- [Work request]: Without including any pictures, write out all the entries exactly.

[Records contained in a dataset]

▼

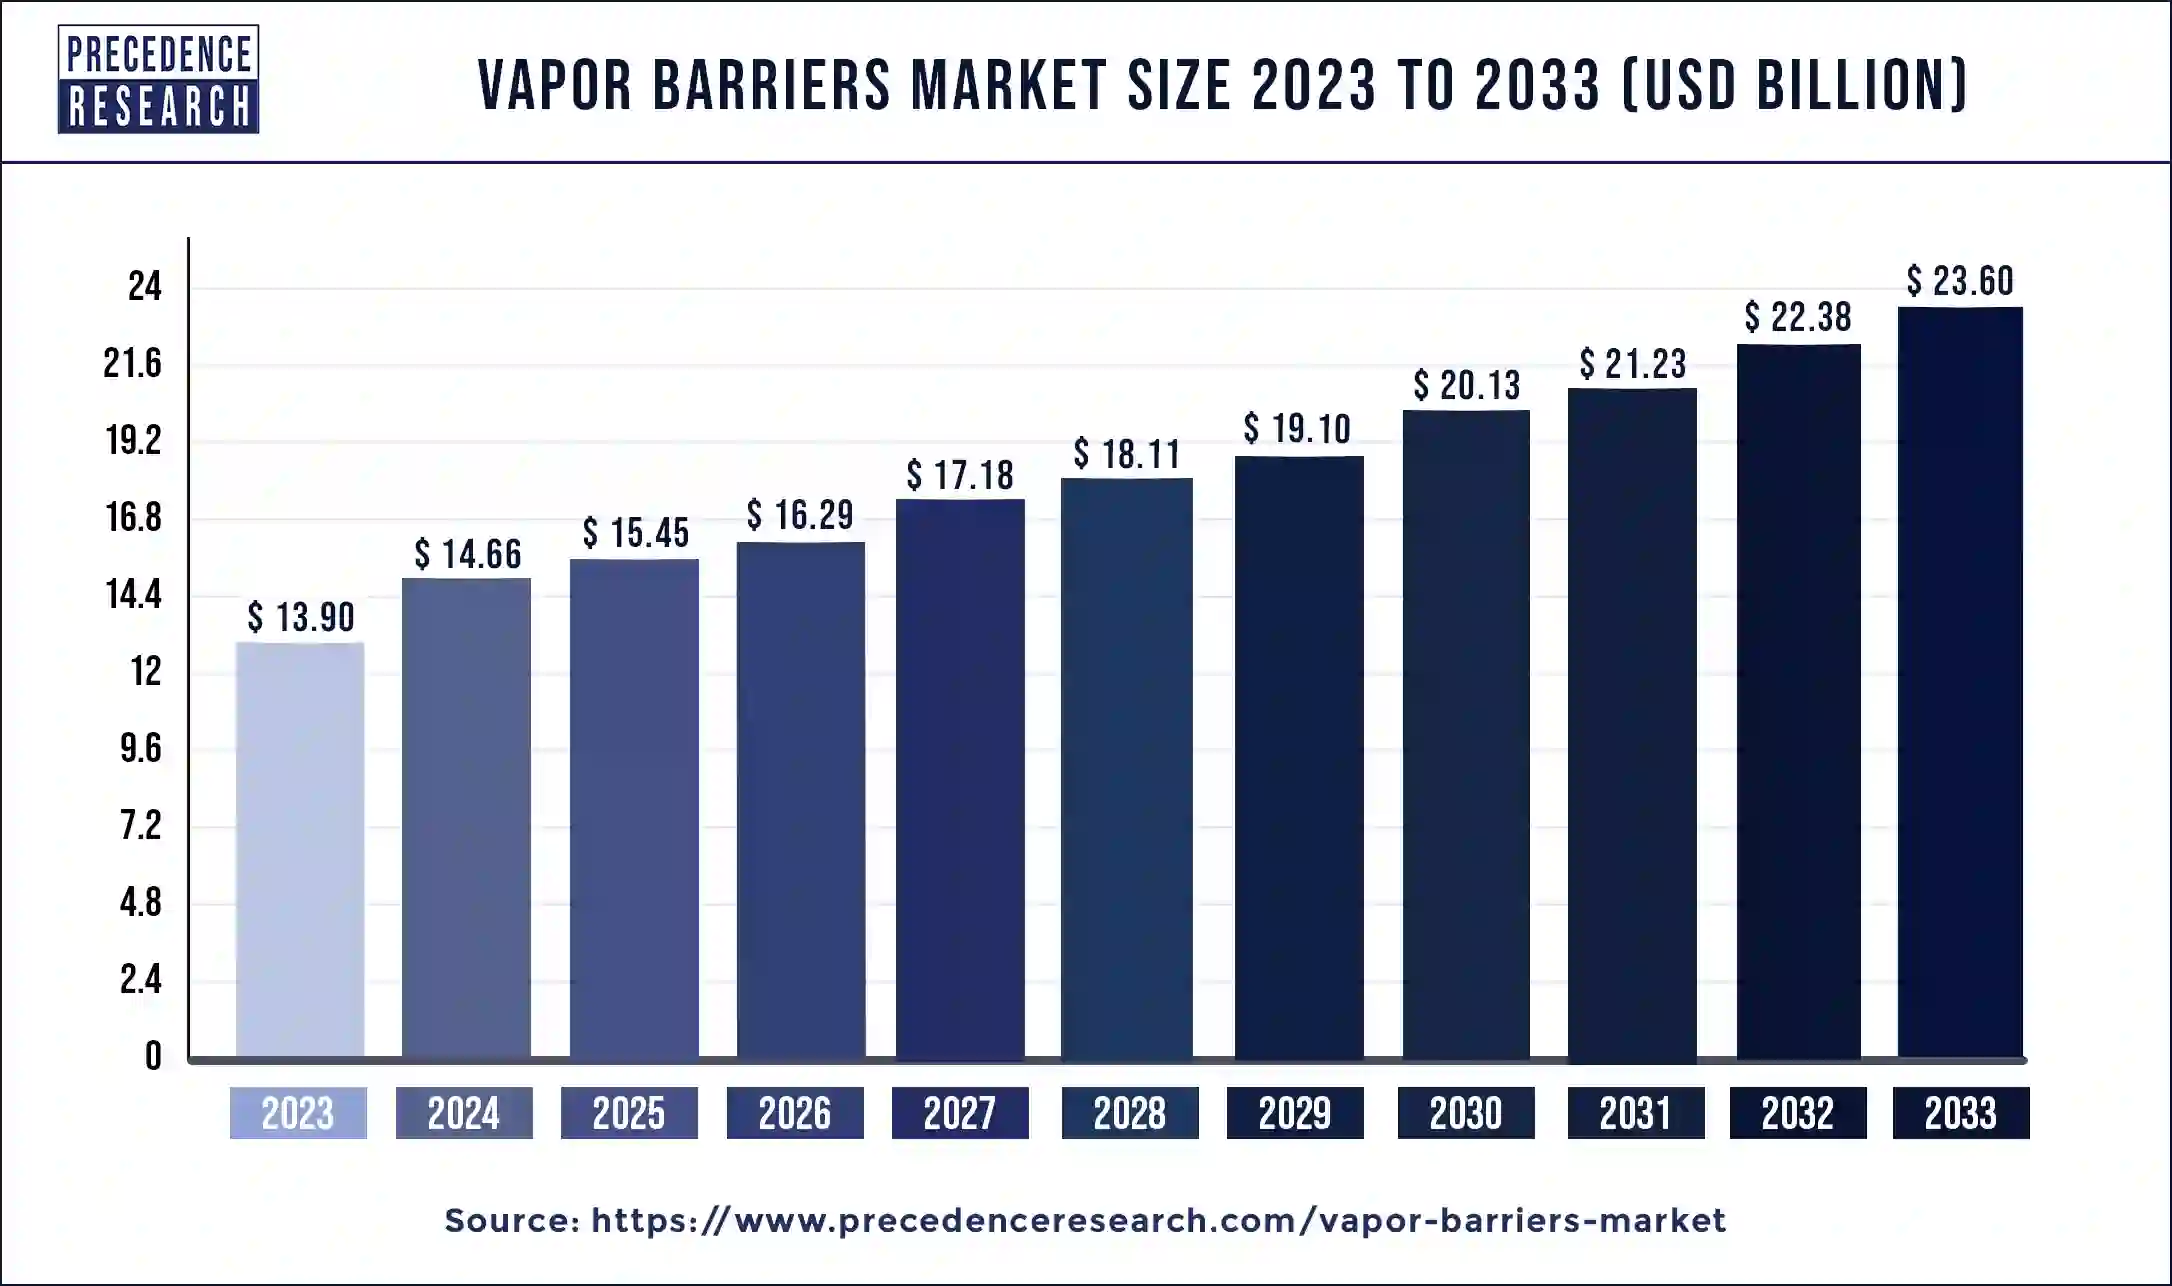 Vapor Barriers Market Size 2024 to 2033
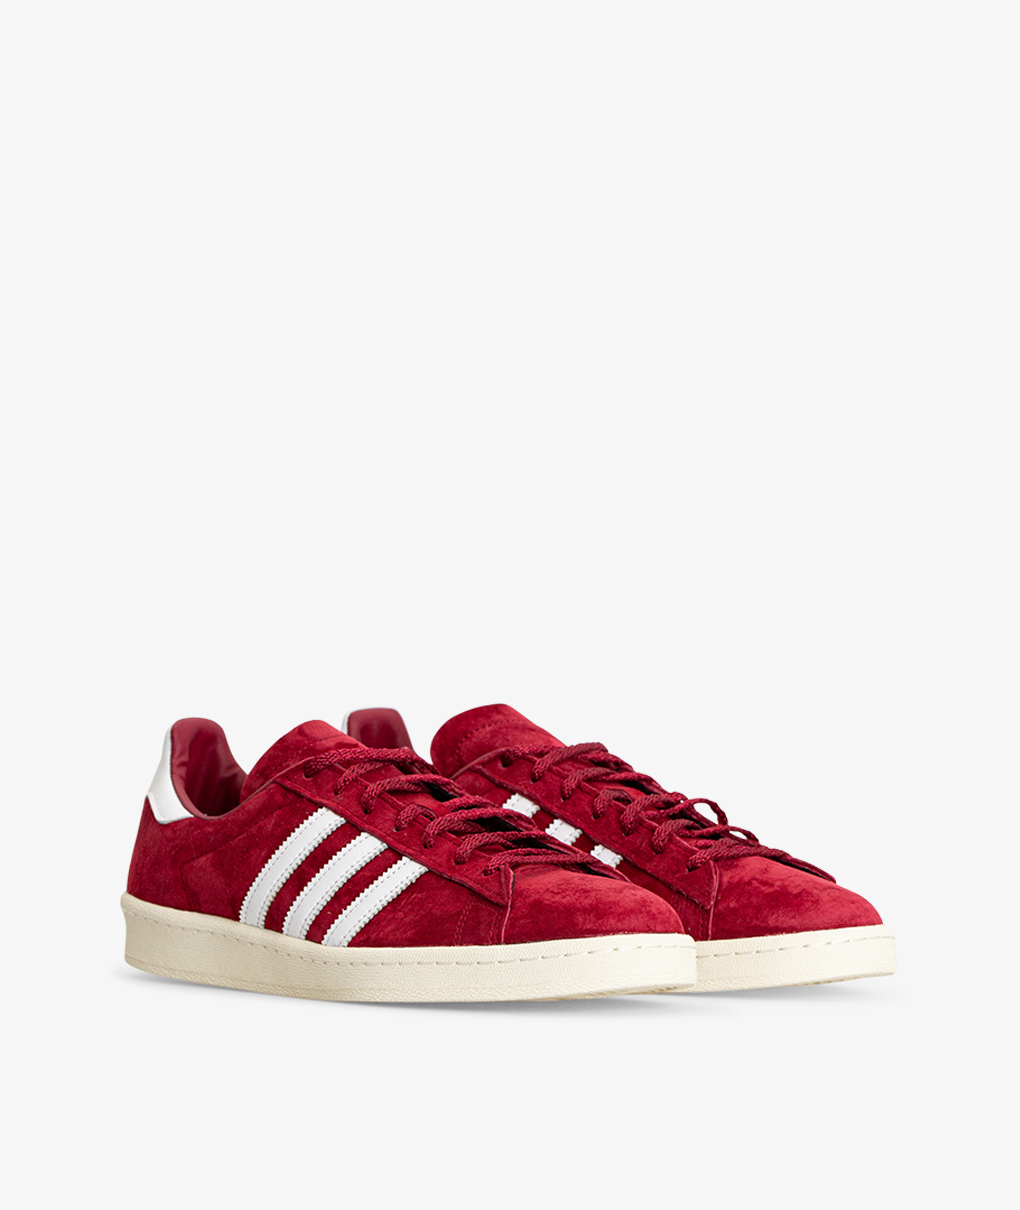 Norse Store | Shipping Worldwide - Sneakers - adidas Originals 
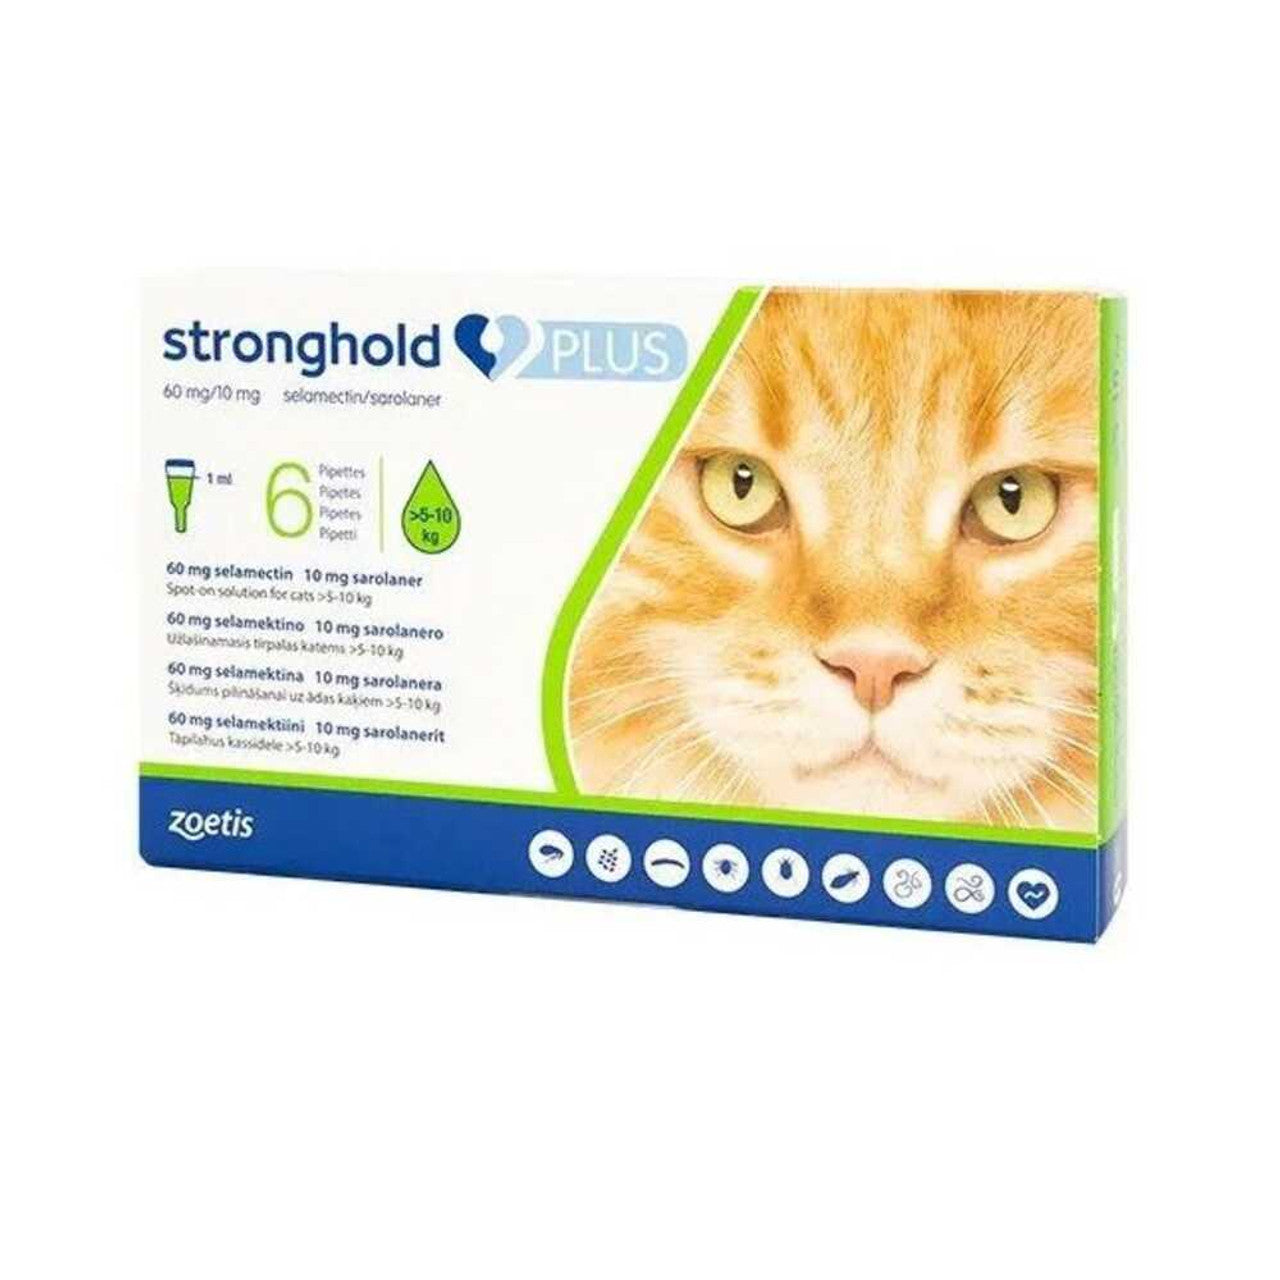 Stronghold Plus spot-on for Large Cats
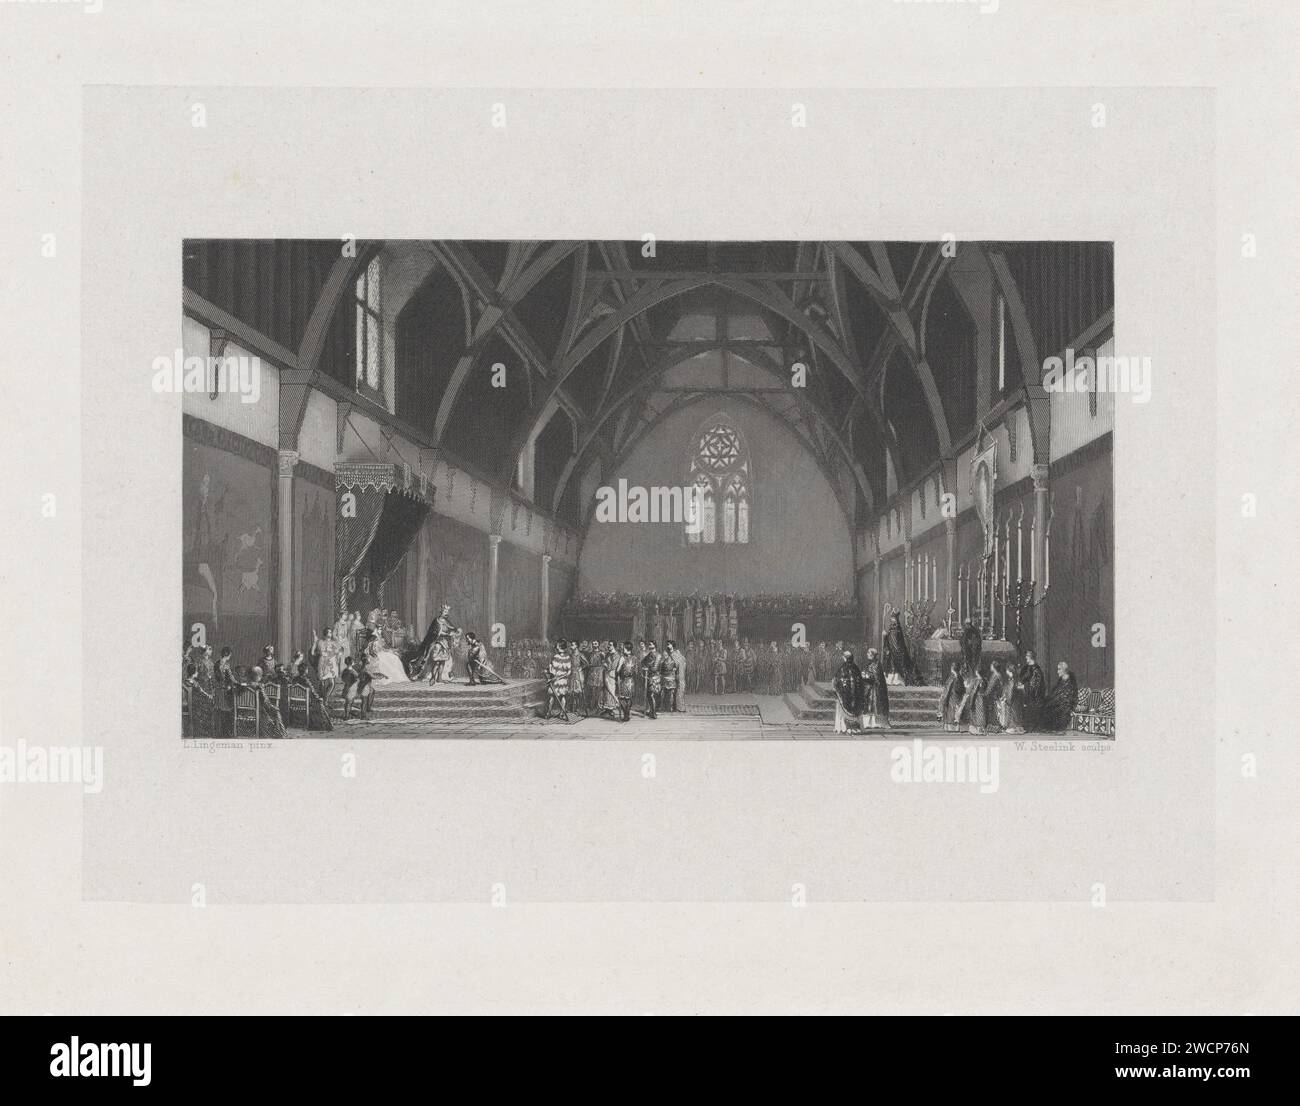 Count Floris V founded the Order of St Jacob, 1290, Willem Steelink (I), After Lambertus Lingeman, 1836 - 1906 print Count Floris V founded the Order of St. Jacob in 1290. Ceremony in the interior of the Ridderzaal. Amsterdam paper. steel engraving / etching knighthood order Racing room Stock Photo
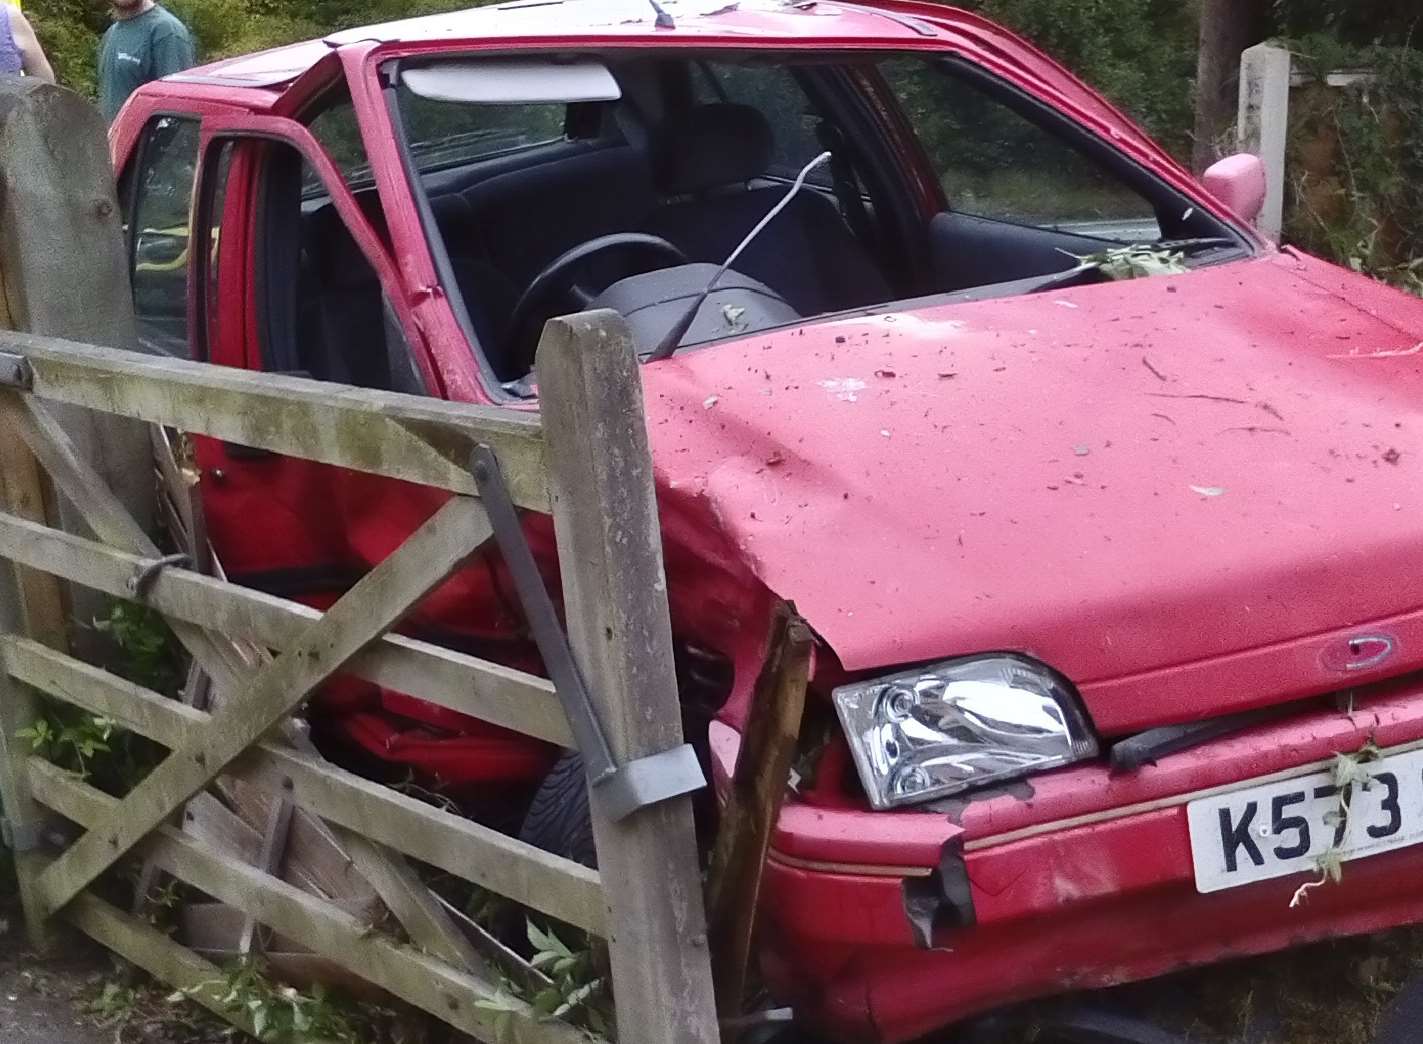 The wreckage of a Ford Fiesta

▲

- [Result]:
 Vapor Barriers Market Size 2024 to 2033
 Norse Store | Shipping Worldwide - Sneakers - adidas Originals 
 Stronghold Plus spot-on for Large Cats
 Count Floris V founded the Order of St Jacob, 1290, Willem Steelink (I), After Lambertus Lingeman, 1836 - 1906 print Count Floris V founded the Order of St. Jacob in 1290. Ceremony in the interior of the Ridderzaal. Amsterdam paper. steel engraving / etching knighthood order Racing room Stock Photo
 The wreckage of a Ford Fiesta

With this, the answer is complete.